#### EXERCISE OBJECTIVE:
You are asked to reproduce the listing exactly and to omit its pictures.

==============================

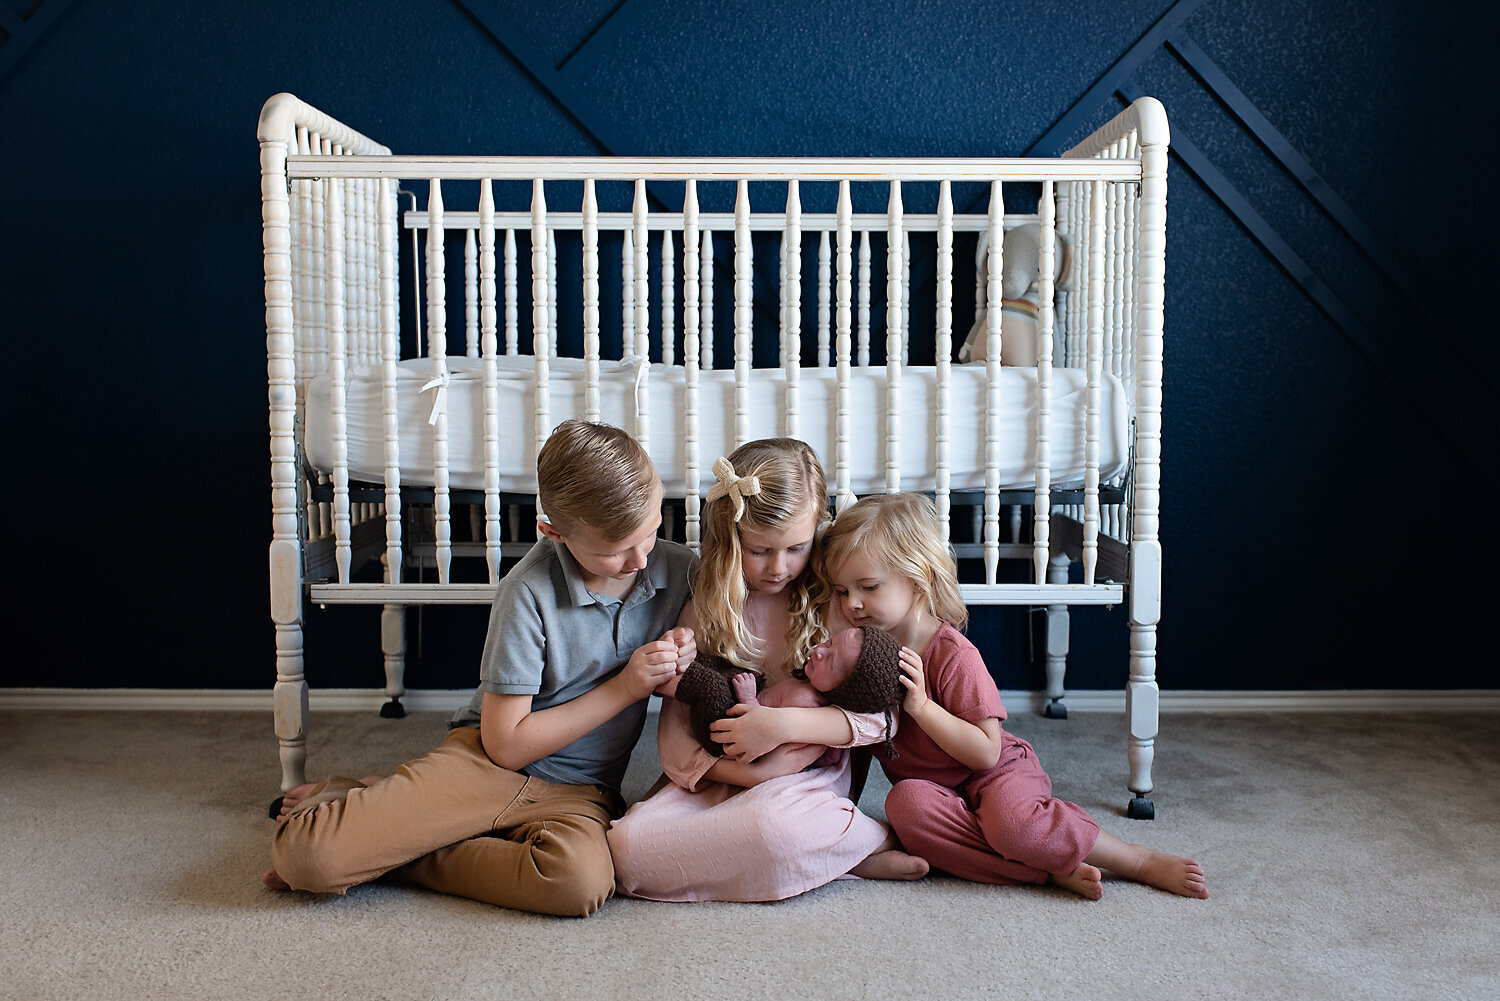 Three siblings cuddling their newborn brother while sitting on the floor of his nursery room.
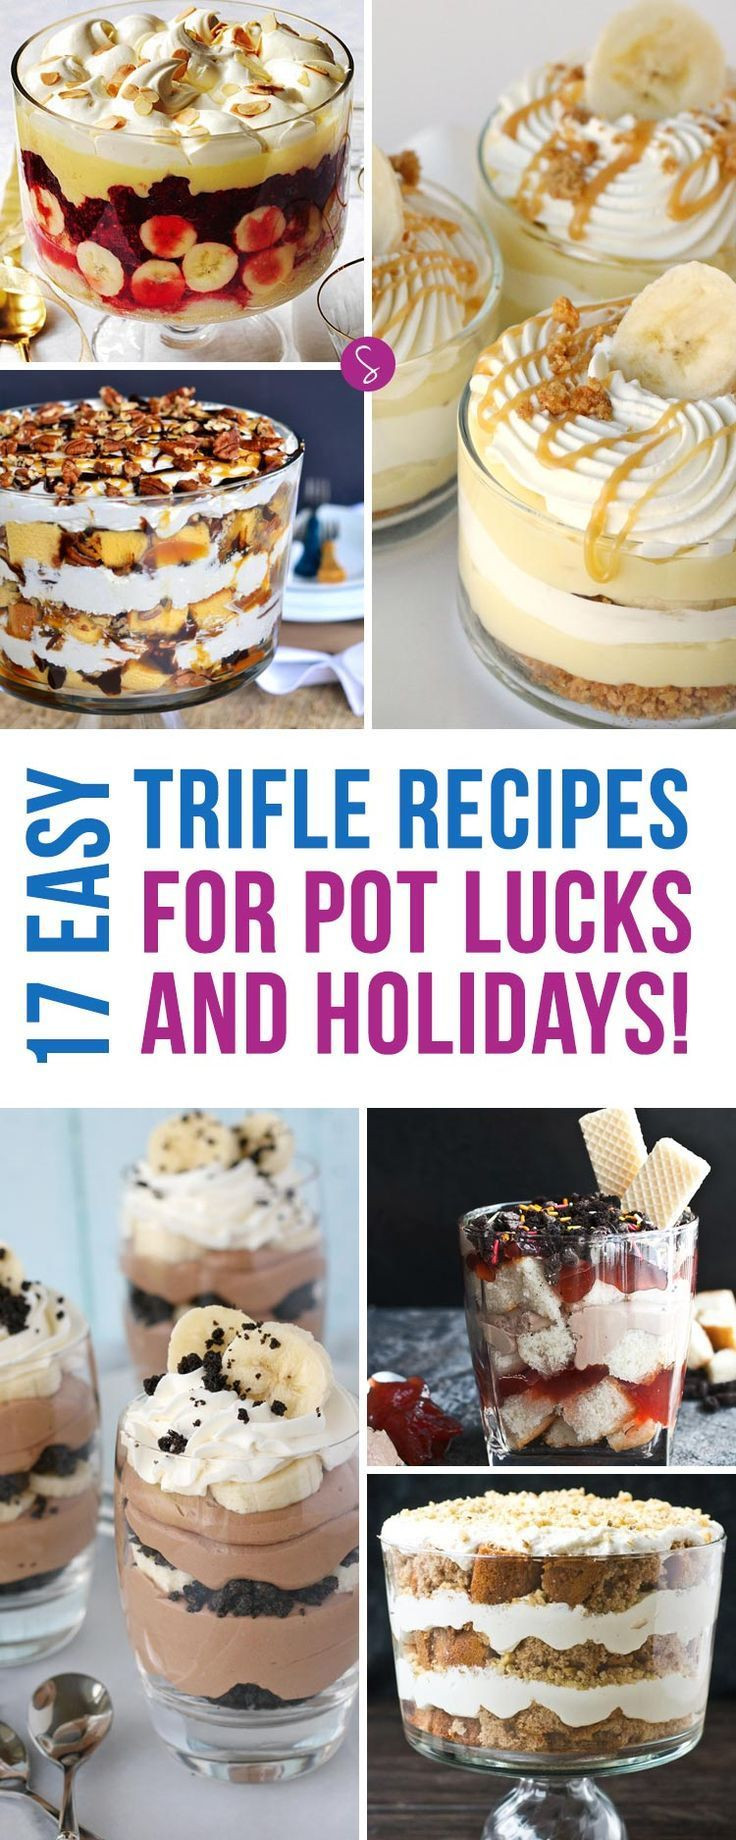 Easy Potluck Desserts
 100 Church Potluck Recipes on Pinterest
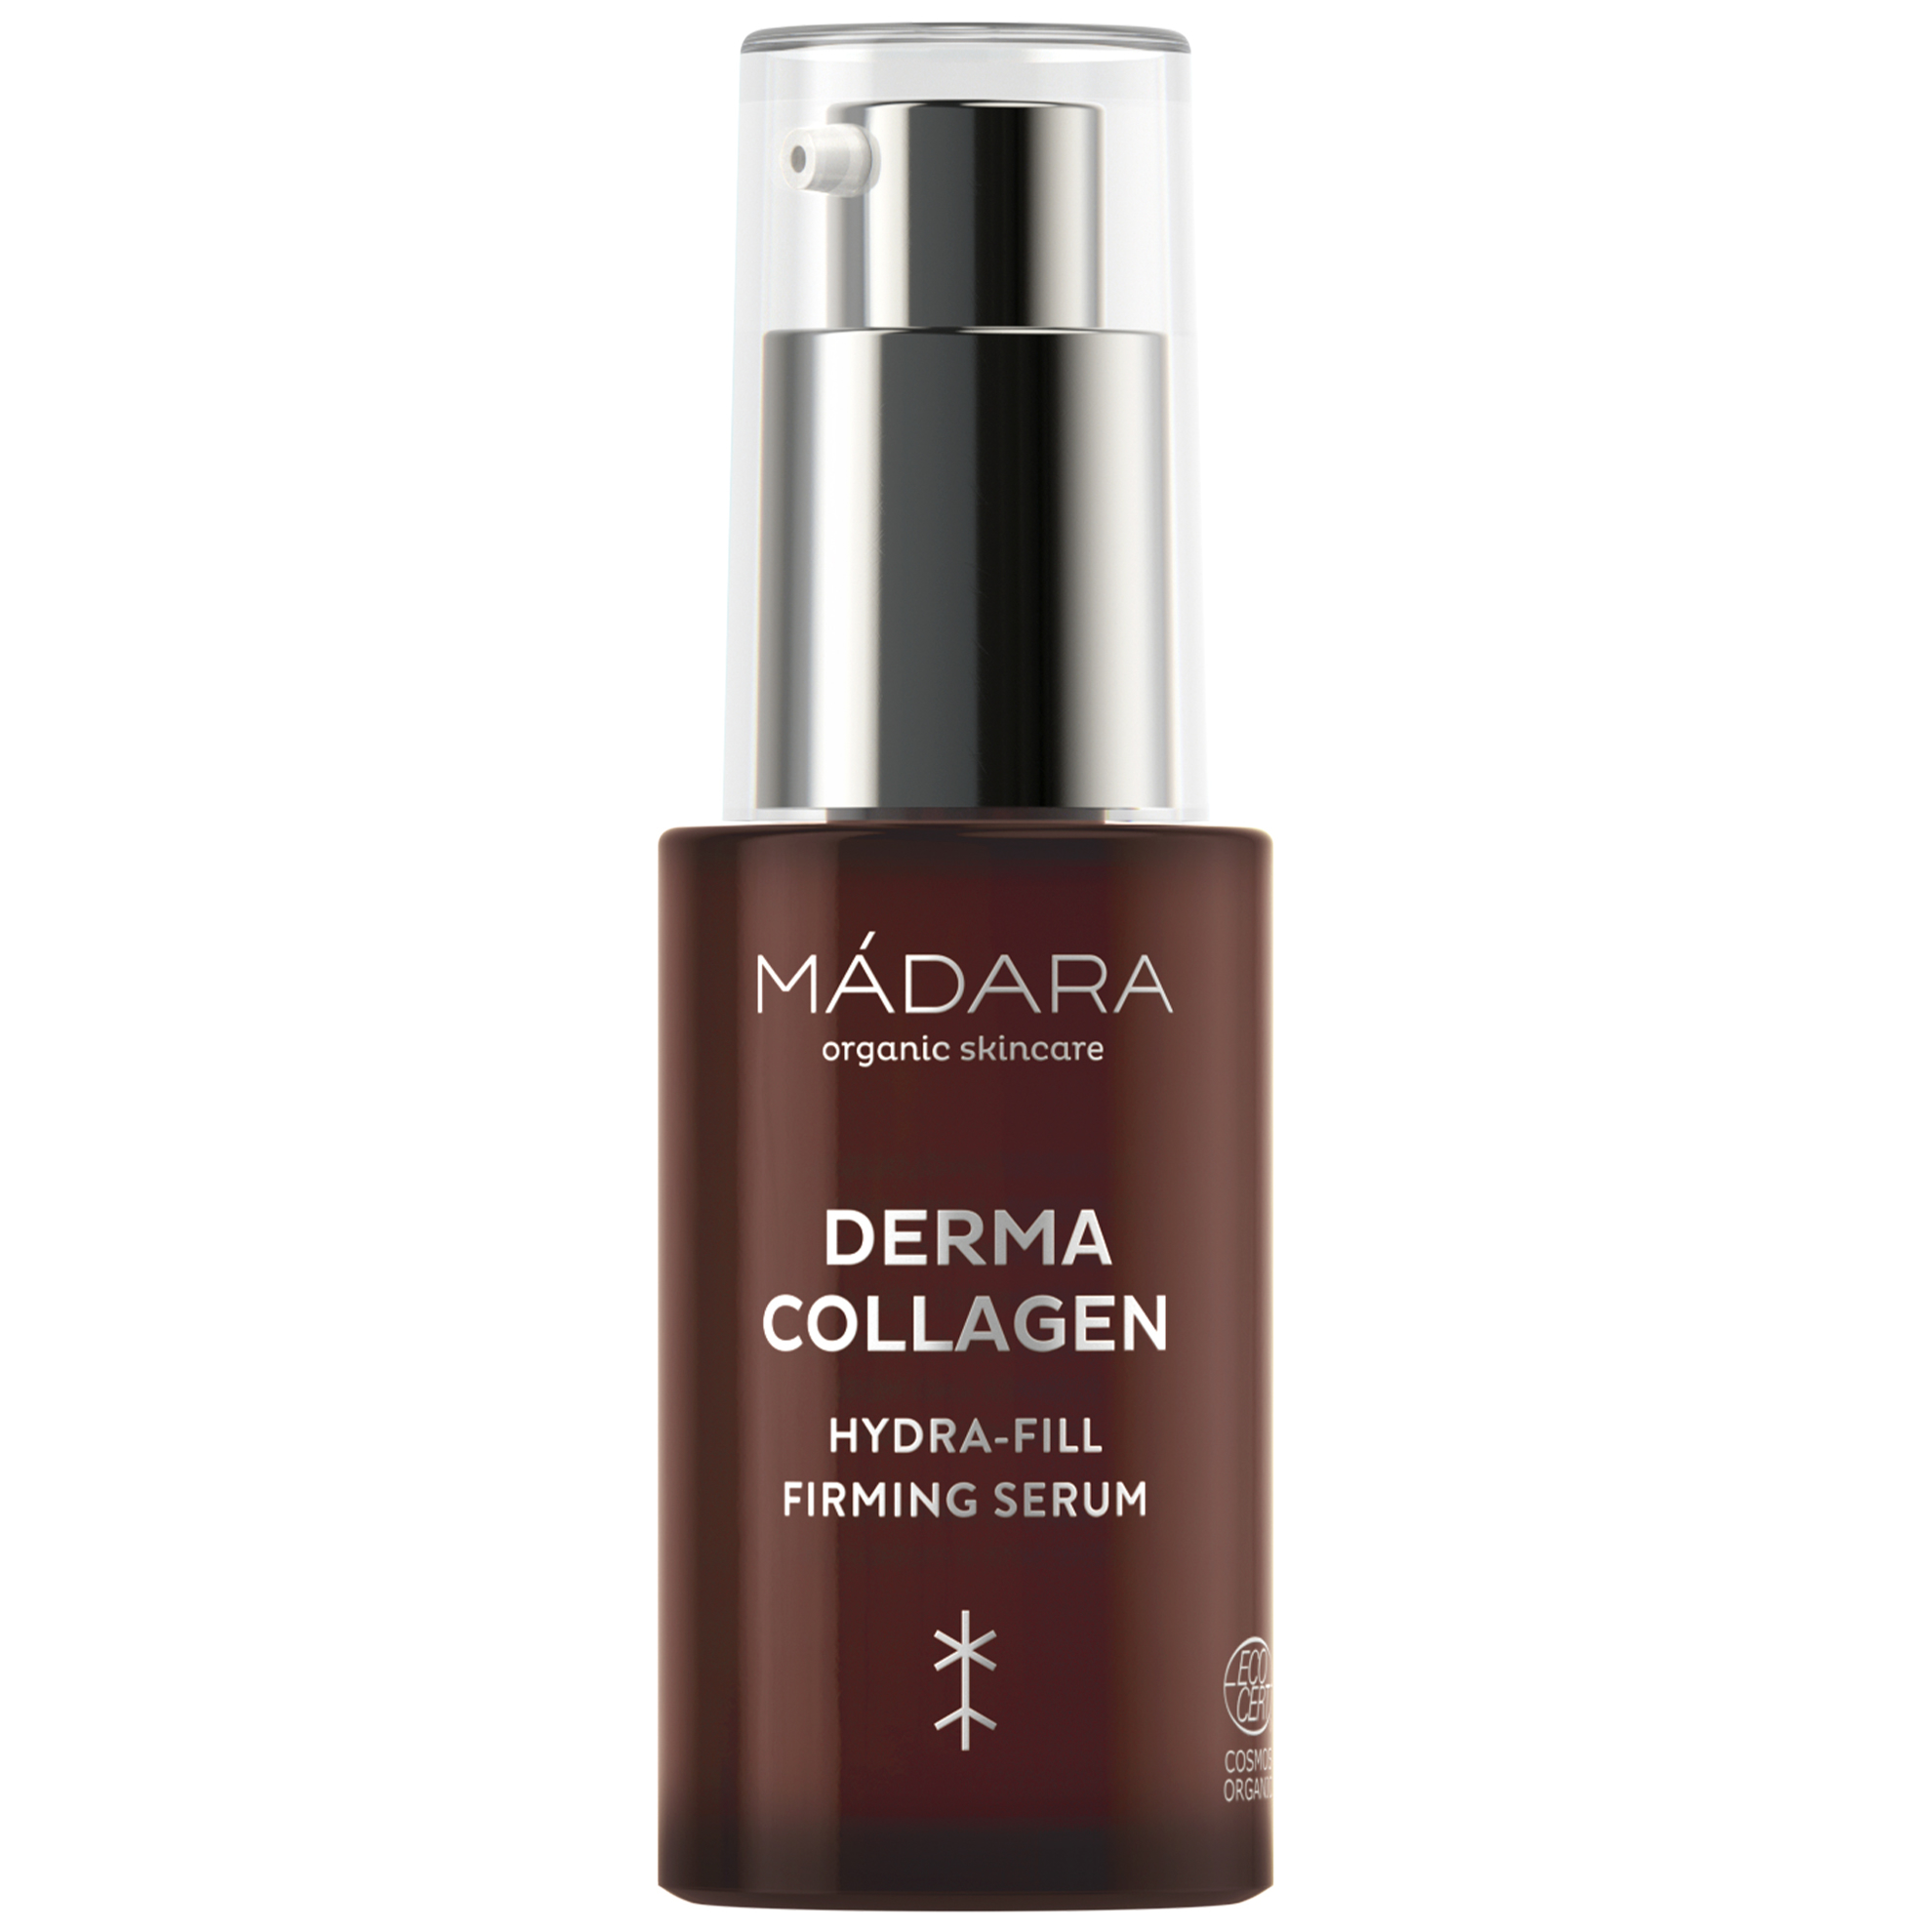 MADARA - Derma Collagen Hydra-Fill Firming Serum
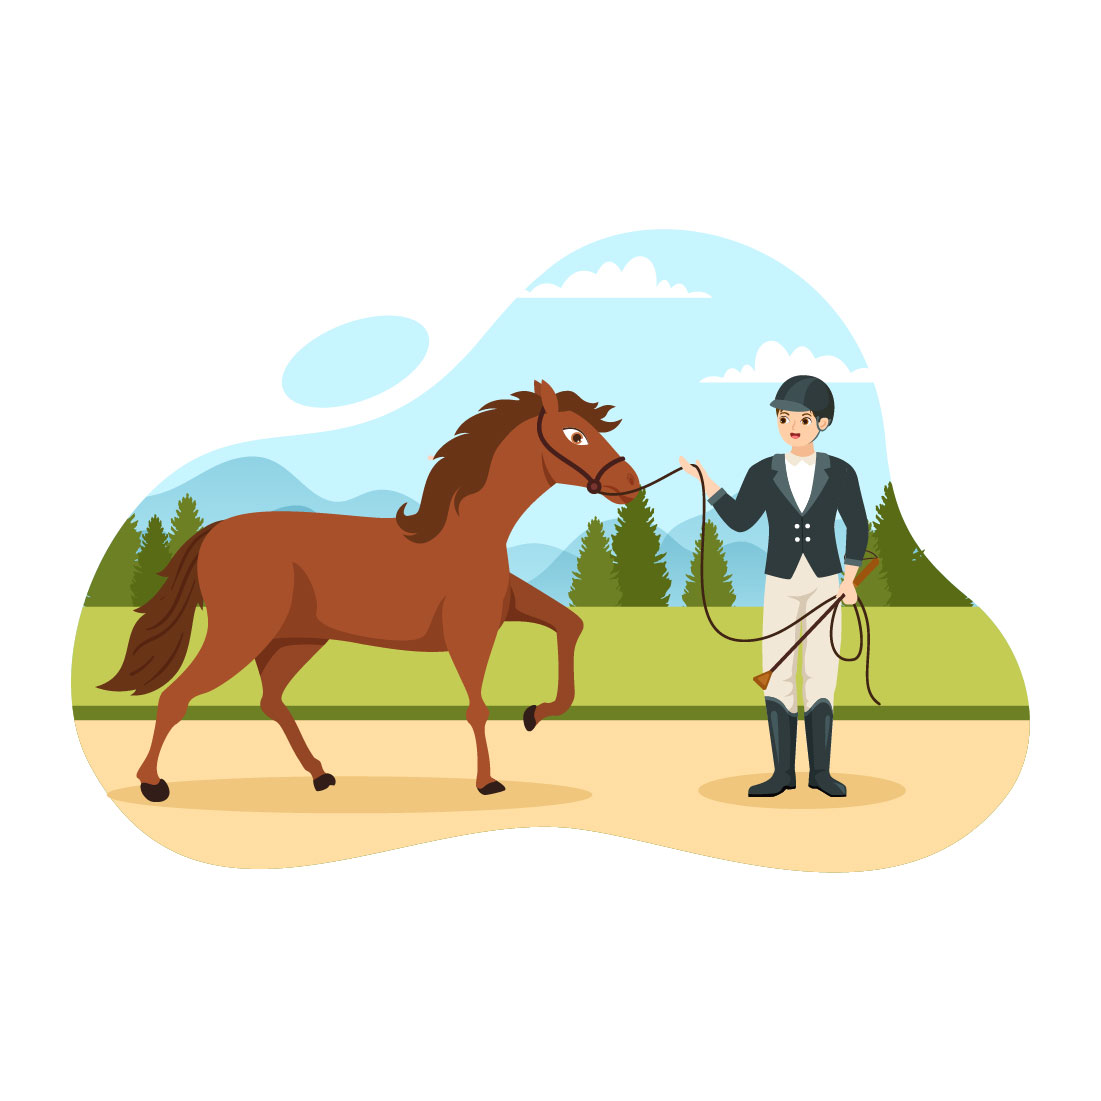 Equestrian Sport Horse Trainer Illustration cover image.
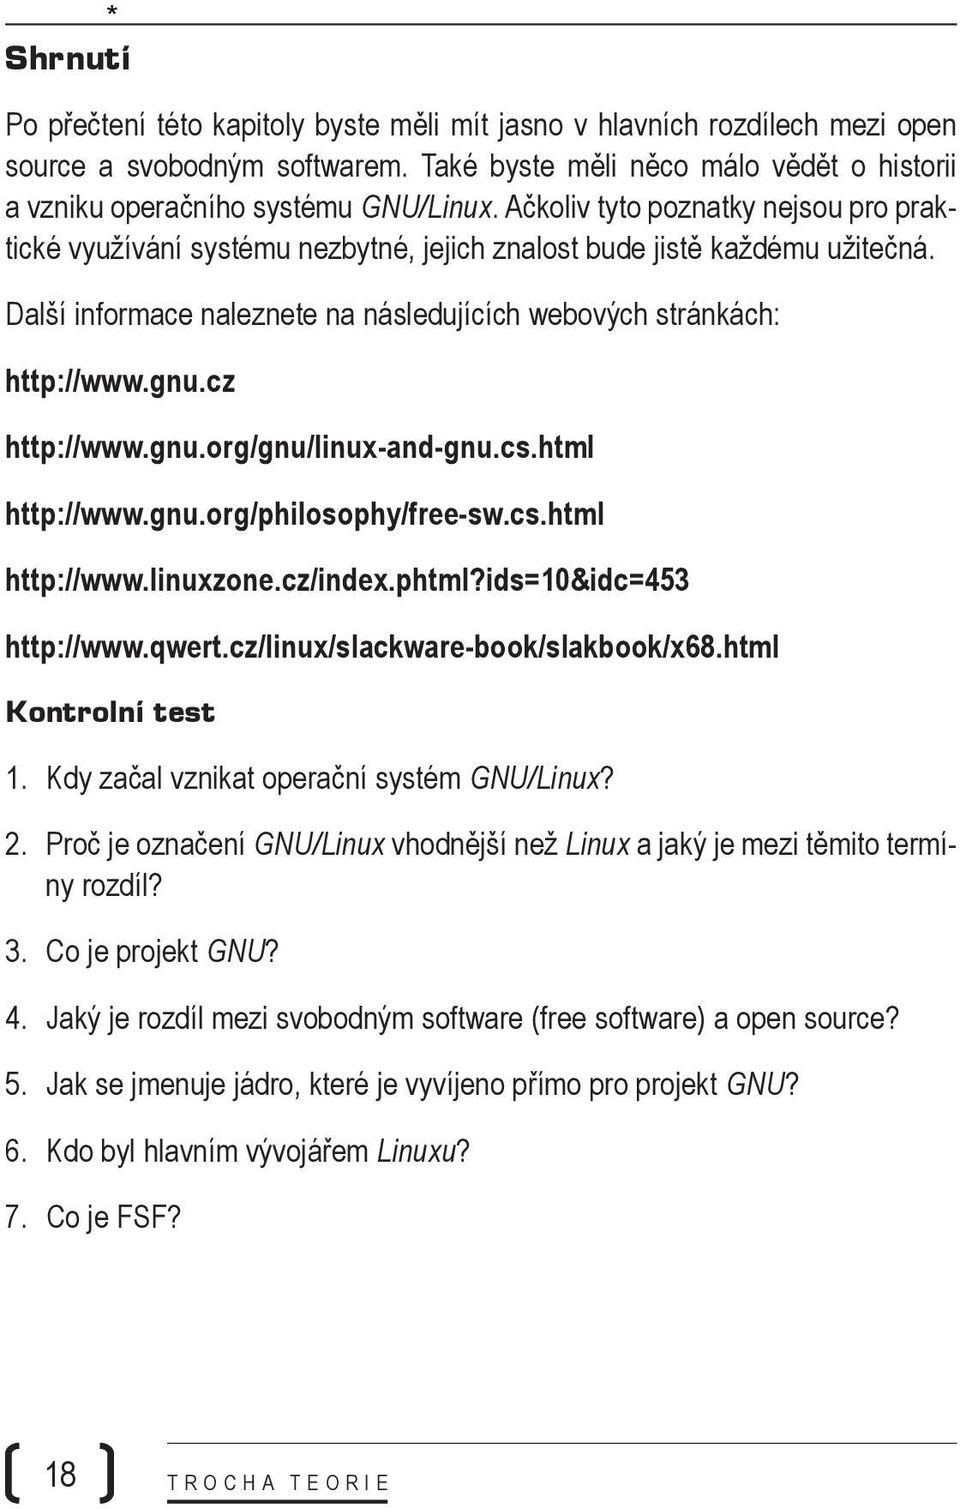 cz http://www.gnu.org/gnu/linux-and-gnu.cs.html http://www.gnu.org/philosophy/free-sw.cs.html http://www.linuxzone.cz/index.phtml?ids=10&idc=453 http://www.qwert.cz/linux/slackware-book/slakbook/x68.

==============================

#### SOLUTION TO THE PROBLEM:
 Three siblings cuddling their newborn brother while sitting on the floor of his nursery room.
 Easy Potluck Desserts
 100 Church Potluck Recipes on Pinterest
 MADARA - Derma Collagen Hydra-Fill Firming Serum
 Equestrian Sport Horse Trainer Illustration cover image.
 cz http://www.gnu.org/gnu/linux-and-gnu.cs.html http://www.gnu.org/philosophy/free-sw.cs.html http://www.linuxzone.cz/index.phtml?ids=10&idc=453 http://www.qwert.cz/linux/slackware-book/slakbook/x68.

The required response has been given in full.